Among the key finding in Amnesty’s reports were abuses such as employers withholding migrants’ passports and the denial of exit permits, which forces migrants to stay in Qatar; the withholding of wages; squalid living conditions; and dangerous working conditions, among other offenses. Some migrant workers suffer all of these conditions simultaneously.

“It’s a great thing in many ways that Qatar can provide these jobs and these sources of income and remittances to developing countries and allow people to fend for themselves financially, but there shouldn’t be this sort of stream of human misery coming out of that,” said James Lynch, a researcher on Gulf migrants’ rights for Amnesty in Doha, Qatar. “It should be possible to do that and respect people’s rights.”

The International Labour Organization (ILO) defines forced labor as “work that the person has not offered themselves for voluntarily and which is extracted under threat of a penalty.” Amnesty found cases where migrants had been deceived about the terms or conditions of their work, or had pay withheld for months at a time, and were threatened with penalties including withholding passports, withholding permission to leave the country and failure to provide pending salaries. Moreover, in cases where migrants had clearly been deceived into situations of forced labor, they were also victims of human trafficking.

Lynch said that much of the exploitation is facilitated by Qatar’s Sponsorship Law, under which all foreign workers are subject. The law established a sponsorship system that effectively tethers migrant workers to one “sponsor,” who must also be their employer.

Under the law, employers have the power to forbid their workers from changing jobs, prevent workers from leaving the country and terminate their residence permits. Because workers cannot have their residence permits issued or renewed without an employer’s consent, employers maintain the ability to leave them effectively undocumented and at constant risk of arrest.

“If your ability to move jobs relies on your current employer giving you permission, that’s obviously going to increase your risk of being exploited,” said Lynch.

The exploitation is not just confined to the construction sector, but is rampant in other areas such as domestic work, farming and fishing. Qatar’s labor law, which passed in 2004, excludes several categories of workers from provisions protecting working conditions and wages, which meet the standard outlined by the ILO. The exclusion leaves women workers disproportionately vulnerable, as they make up the majority of the large domestic workforce in Qatar.

Researchers found that in many cases abuses against domestic workers ranged from their being made to work days that can go as long as 18 hours, being forced to work without having a day off, not being able to leave the house and not being allowed a cellphone.

“We even rang some recruitment agencies and just asked basic questions like, ‘should [domestic workers] be given a day off?’ and ‘should they be allowed a mobile [phone]?’ and the answer you get back from the recruitment agencies is, ‘it’s up to you [as an employer],'” Lynch said. “So that’s the effect of effectively leaving that sector unregulated. It depends on the goodwill of the employer. The result is it leaves domestic workers in a complete lottery situation.”

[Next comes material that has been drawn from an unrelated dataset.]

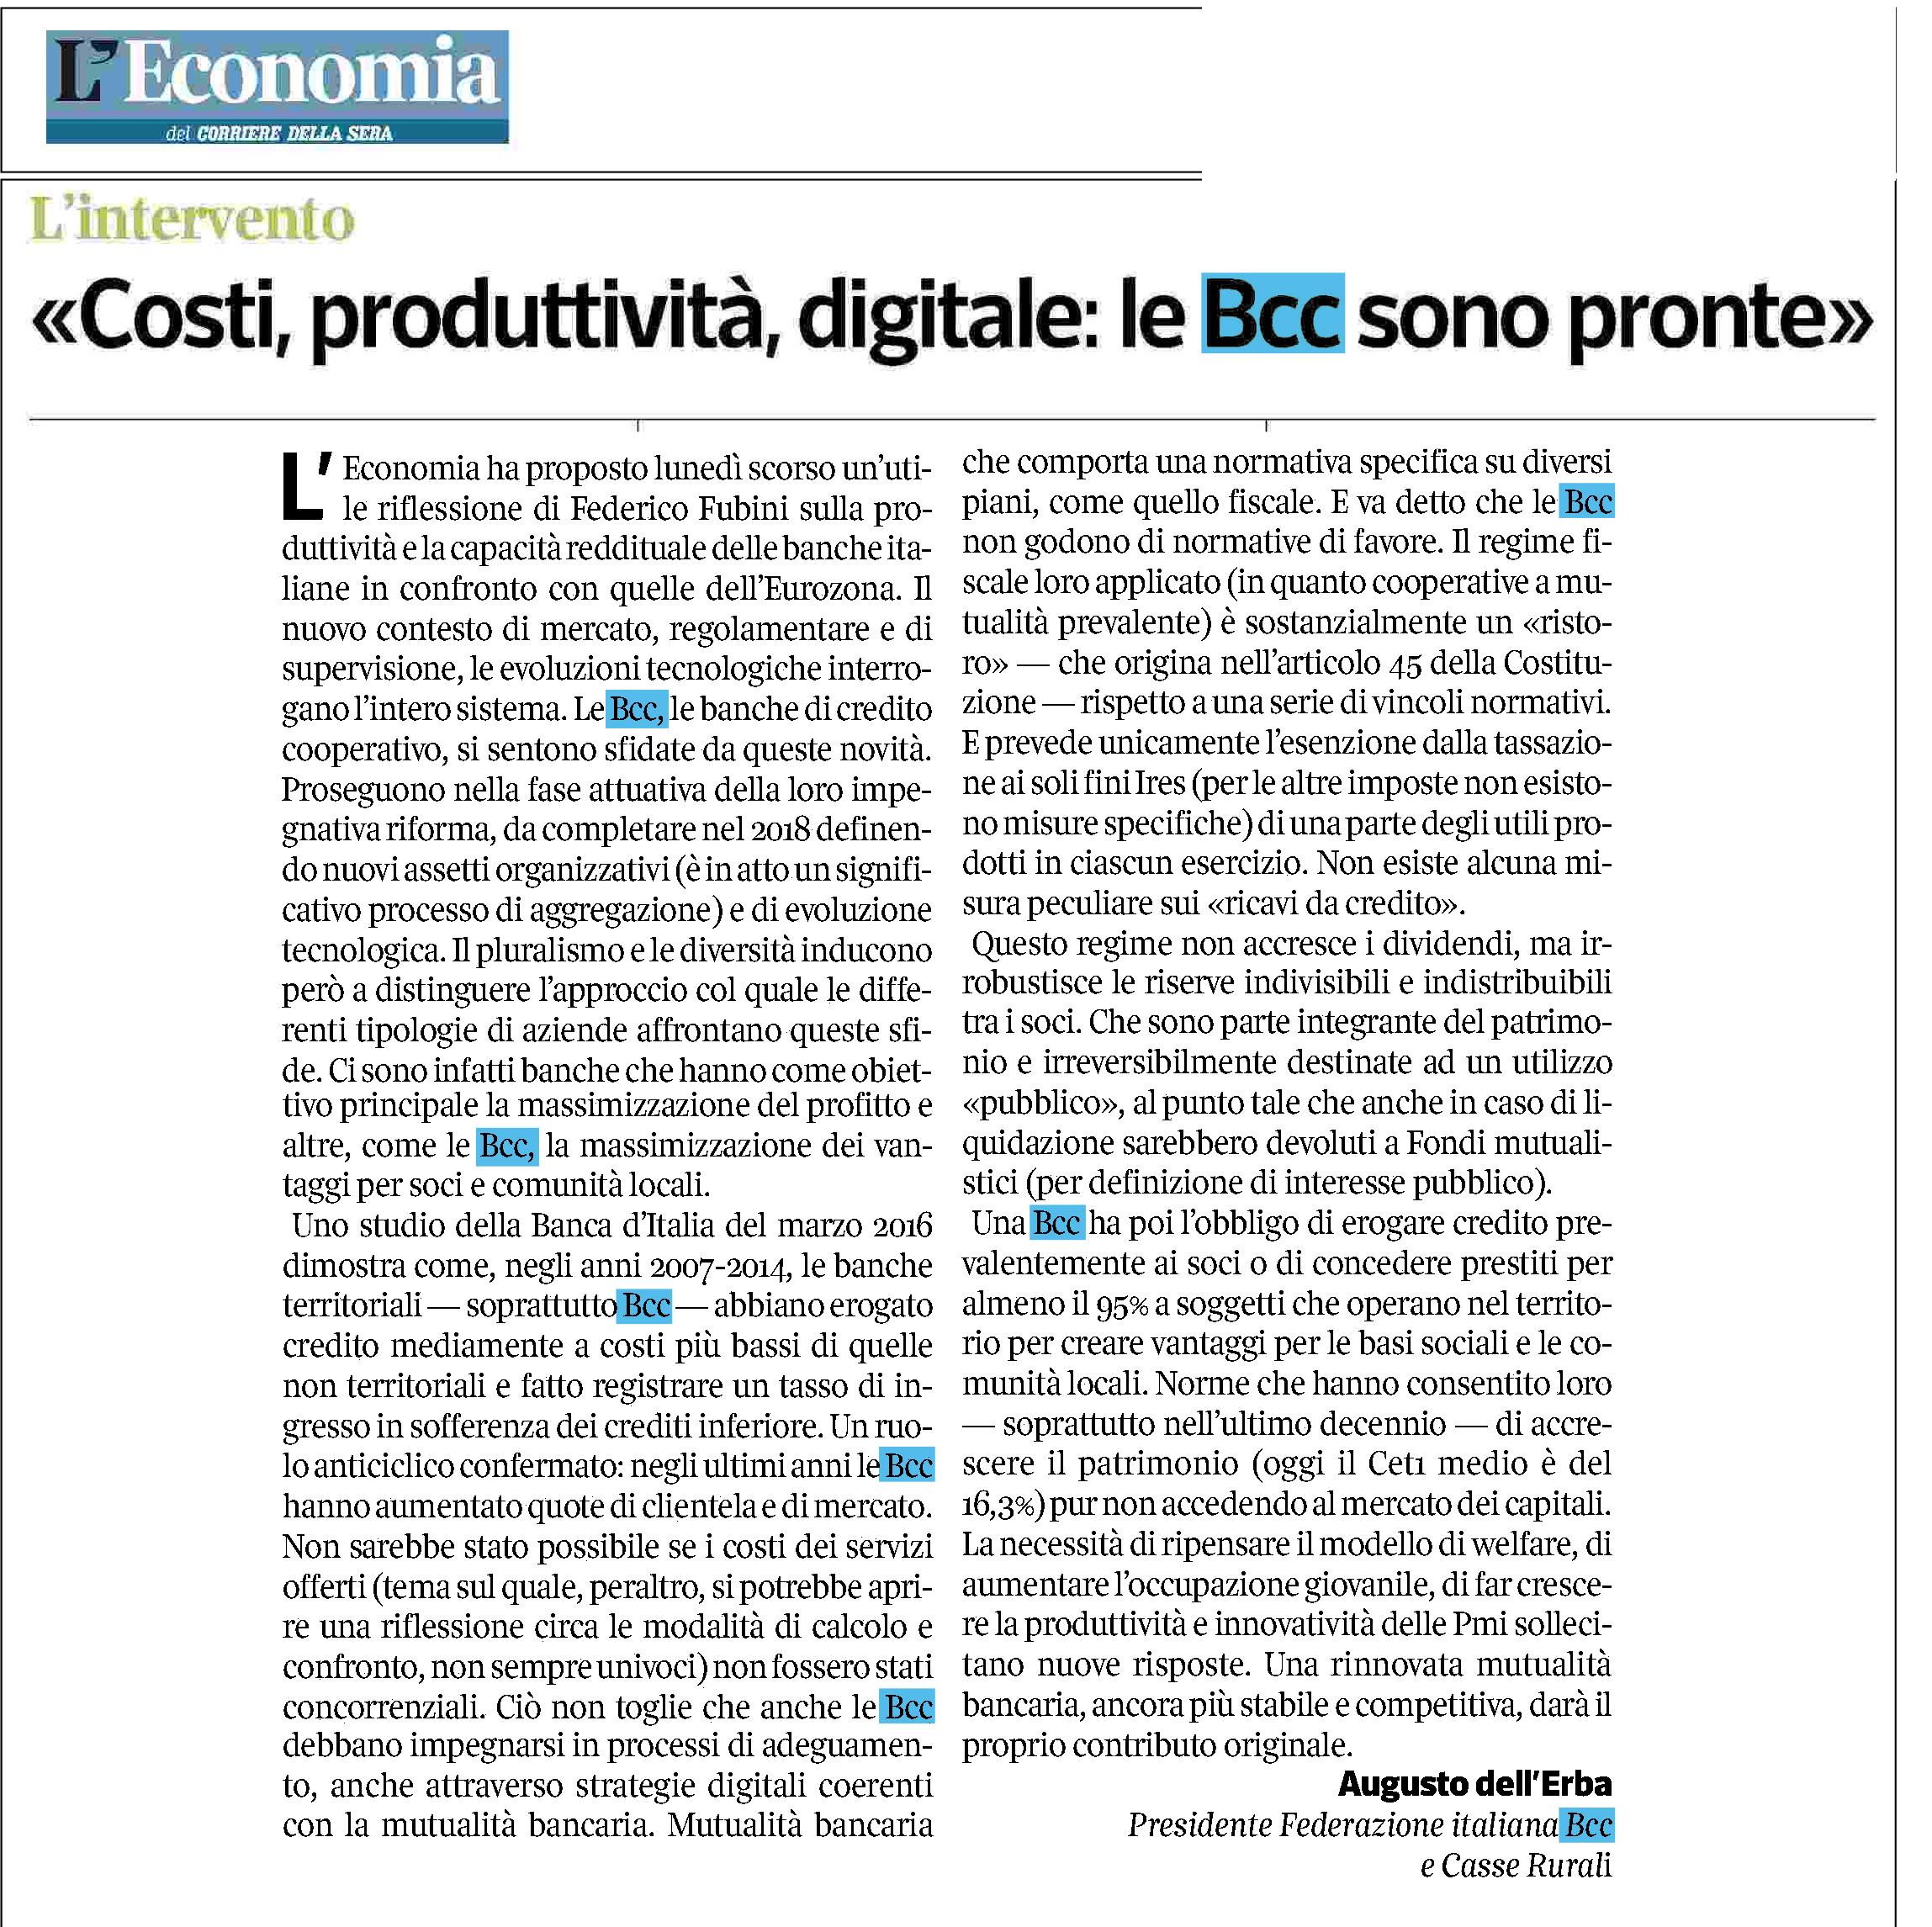 articolo-economia-bcc

But Amnesty sees opportunity in the 2022 FIFA World Cup to be hosted in Qatar, as a catalyst for change. Lynch says Qatar and FIFA should “use this moment in the spotlight that Qatar’s got, where, instead of getting criticism and quite rightly getting that criticism, they can turn it around and take some bold steps to lead the way in the region and use the World Cup to actually get credit. So the spotlight will remain, but make that into a political spotlight.”

Lynch said that it remains crucial that the Qatari government begins to enforce laws against employers withholding passports from migrant workers as well as withholding or delaying payment, which is a step that can begin immediately. The other crucial change is to make a major revision of the Sponsorship Law, which Lynch says, expedites this exploitation. He also called on major construction companies to reform their contracts to put in place protections for migrant workers that will also extend to these companies’ subcontractors.